* [Input material]:
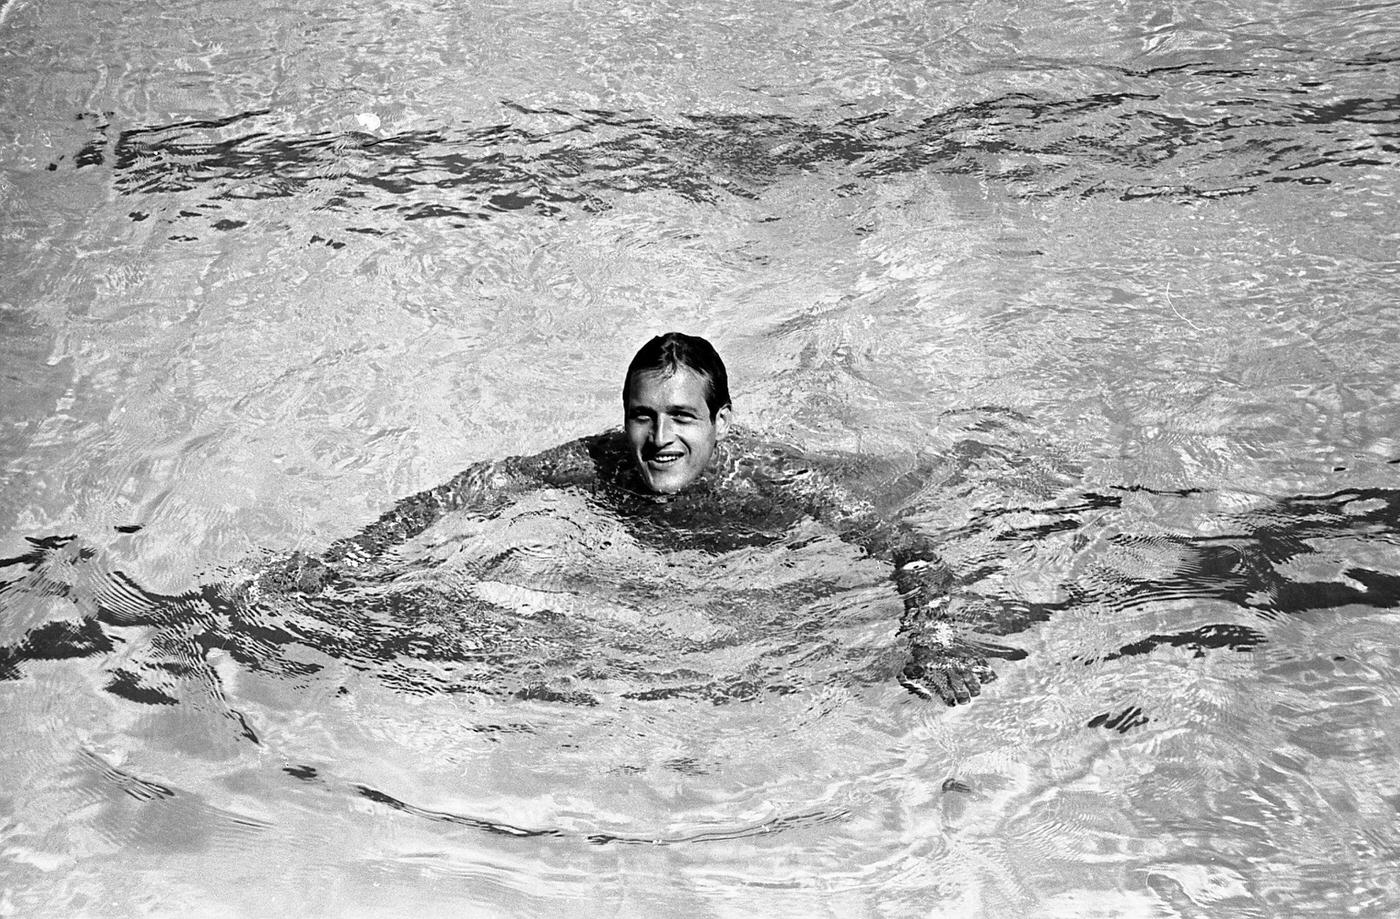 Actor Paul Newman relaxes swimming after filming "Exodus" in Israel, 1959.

...

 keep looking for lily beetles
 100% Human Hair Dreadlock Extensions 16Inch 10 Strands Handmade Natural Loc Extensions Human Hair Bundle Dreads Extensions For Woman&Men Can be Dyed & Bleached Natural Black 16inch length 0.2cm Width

* [What you should do]: Using the entries above, extract exactly the span from the line with "keep looking for lily beetles" to the line with "100% Human Hair", both lines included; leave out everything else.

* [Result of this exercise]:
 keep looking for lily beetles
 100% Human Hair Dreadlock Extensions 16Inch 10 Strands Handmade Natural Loc Extensions Human Hair Bundle Dreads Extensions For Woman&Men Can be Dyed & Bleached Natural Black 16inch length 0.2cm Width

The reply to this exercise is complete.